The six previously identified symptoms of a Borg Complex are as follows:

1. Makes grandiose, but unsupported claims for technology

2. Uses the term Luddite a-historically and as a casual slur

3. Pays lip service to, but ultimately dismisses genuine concerns

4. Equates resistance or caution to reactionary nostalgia

5. Starkly and matter-of-factly frames the case for assimilation

6. Announces the bleak future for those who refuse to assimilate

In an effort to further refine our diagnostic instruments, I am now adding two more related symptoms to the list. The first of these arises from a couple of cases submitted by Nick Carr and is summarized as follows:

7. Expresses contemptuous disregard for the achievements of the past

Consider this claim by Tim O’Reilly highlighted by Carr:

“I don’t really give a shit if literary novels go away. … the novel as we know it today is only a 200-year-old construct. And now we’re getting new forms of entertainment, new forms of popular culture.”

Well, there you have it. This same statement serves to illustrate the second symptom I’m introducing:

8. Refers to historical parallels only to dismiss present concerns.

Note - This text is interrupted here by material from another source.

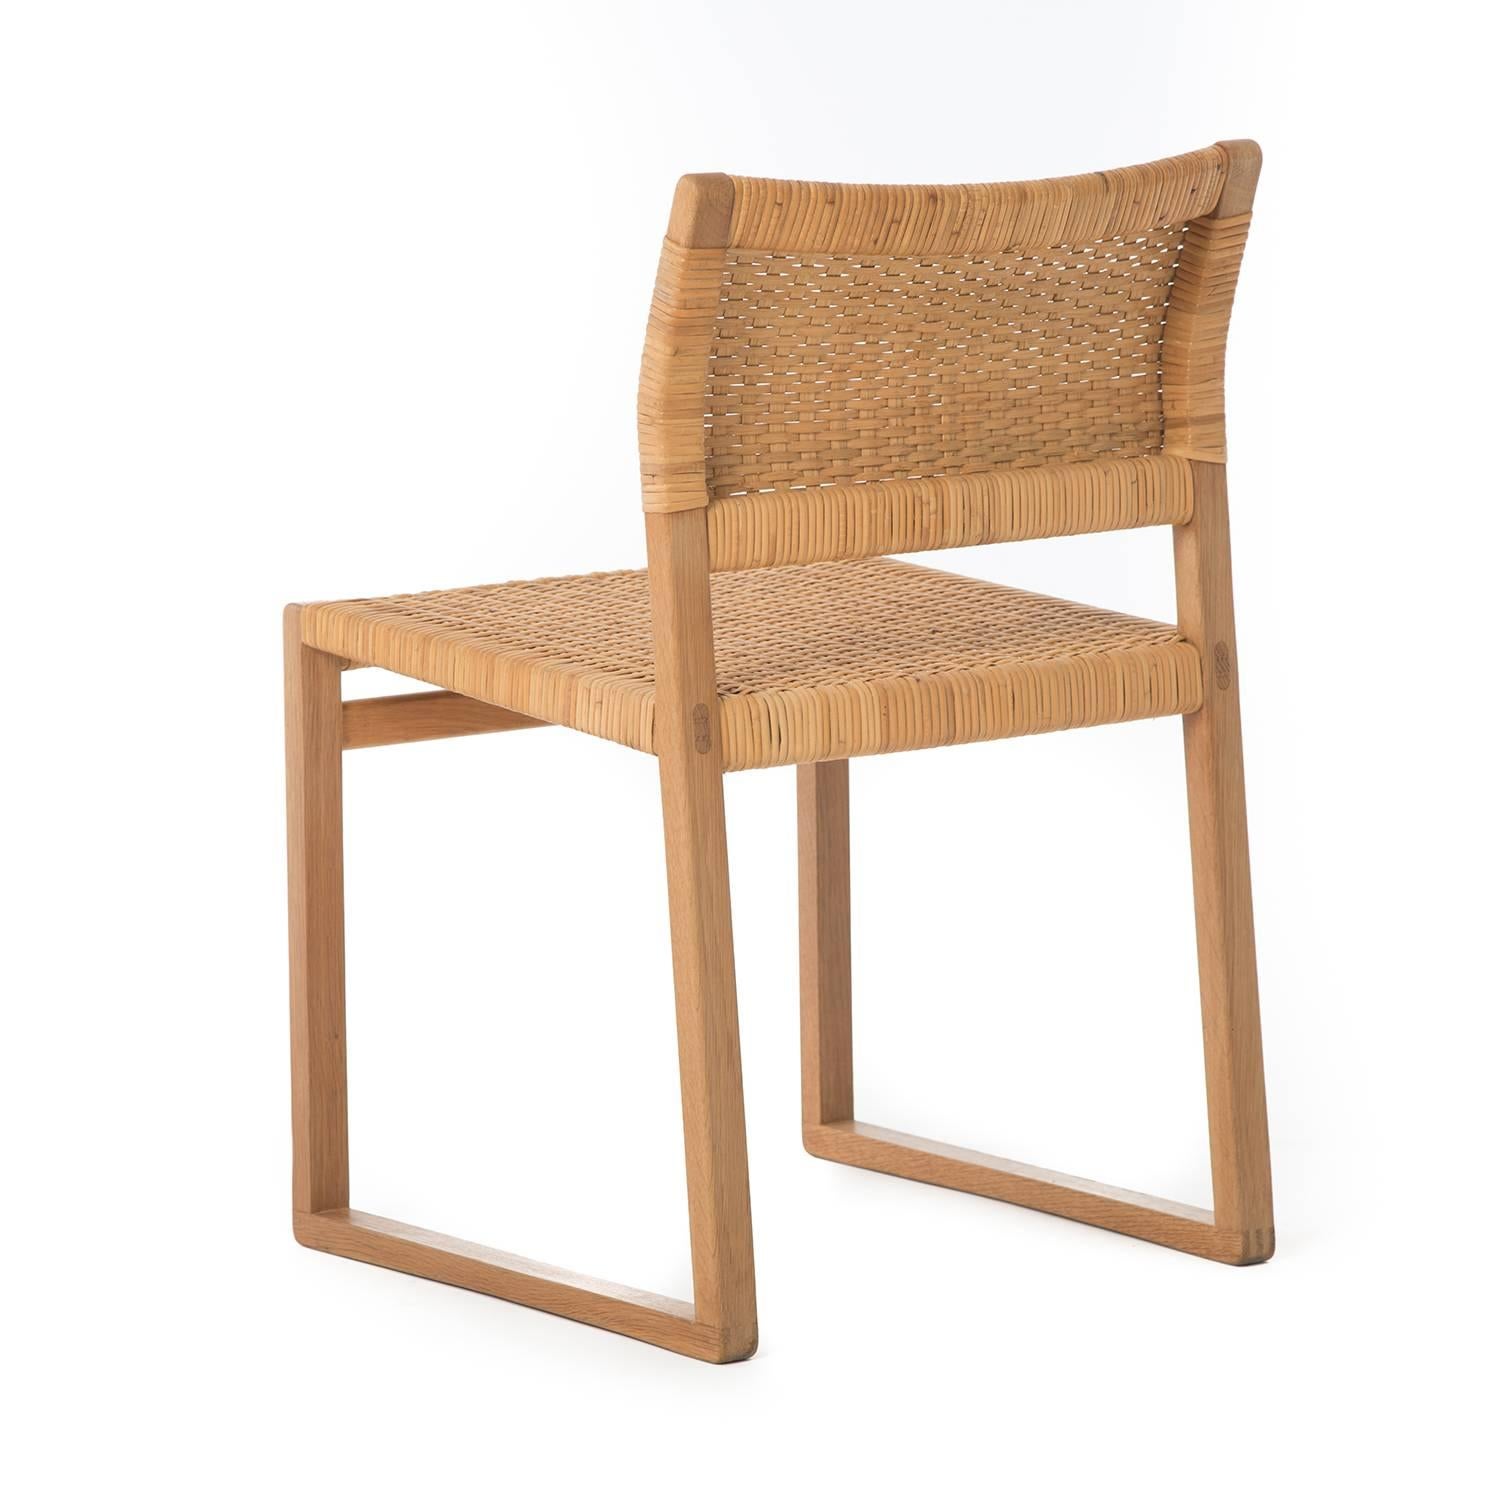 Danish Mogensen Sled Based Chair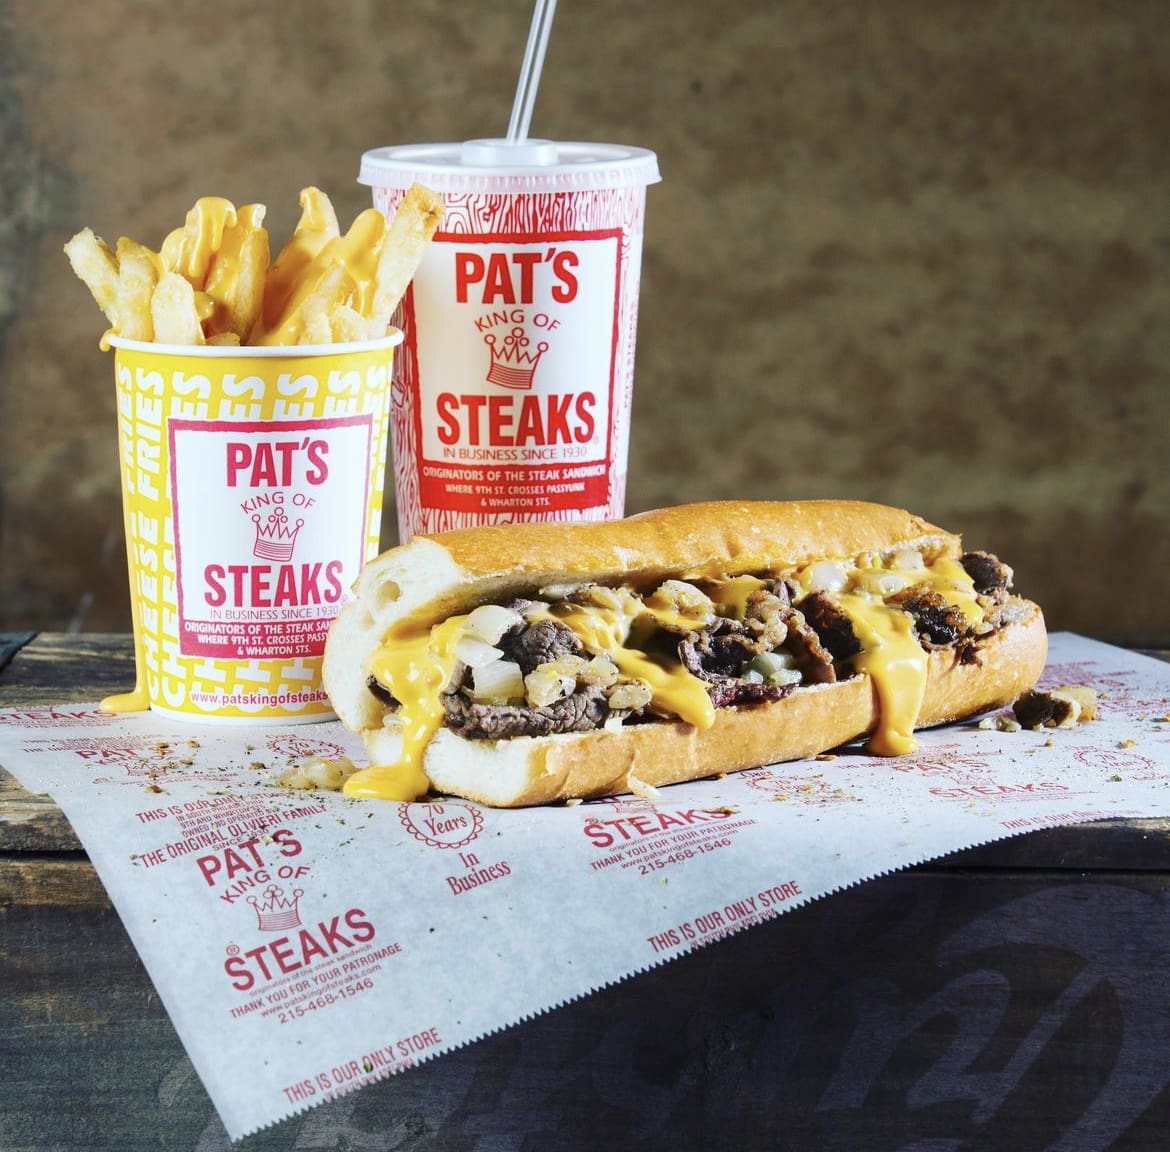 Pat’s King of Steaks

This symptom identifies historical precedents as a way of saying, “Look, people worried about stuff like this before and they survived, so there’s nothing to be concerned about now.” It sees all concerns through the lens of Chicken Little. The sky never falls. I would suggest that the Boy Who Cried Wolf is the better parable. The wolf sometimes shows up.

To this list of now eight symptoms, we might also add two Causes.

1. Self-interest, usually commercial (ranging from more tempered to crass)

2. Fatalistic commitment to technological determinism (in pessimistic and optimistic varieties)

Now let’s consider some more cases related to education, a field that is particularly susceptible to Borg Complex claims. In a recent column, Thomas Friedman gushed over MOOCs:

“Nothing has more potential to lift more people out of poverty — by providing them an affordable education to get a job or improve in the job they have. Nothing has more potential to unlock a billion more brains to solve the world’s biggest problems. And nothing has more potential to enable us to reimagine higher education than the massive open online course, or MOOC, platforms that are being developed by the likes of Stanford and the Massachusetts Institute of Technology and companies like Coursera and Udacity.”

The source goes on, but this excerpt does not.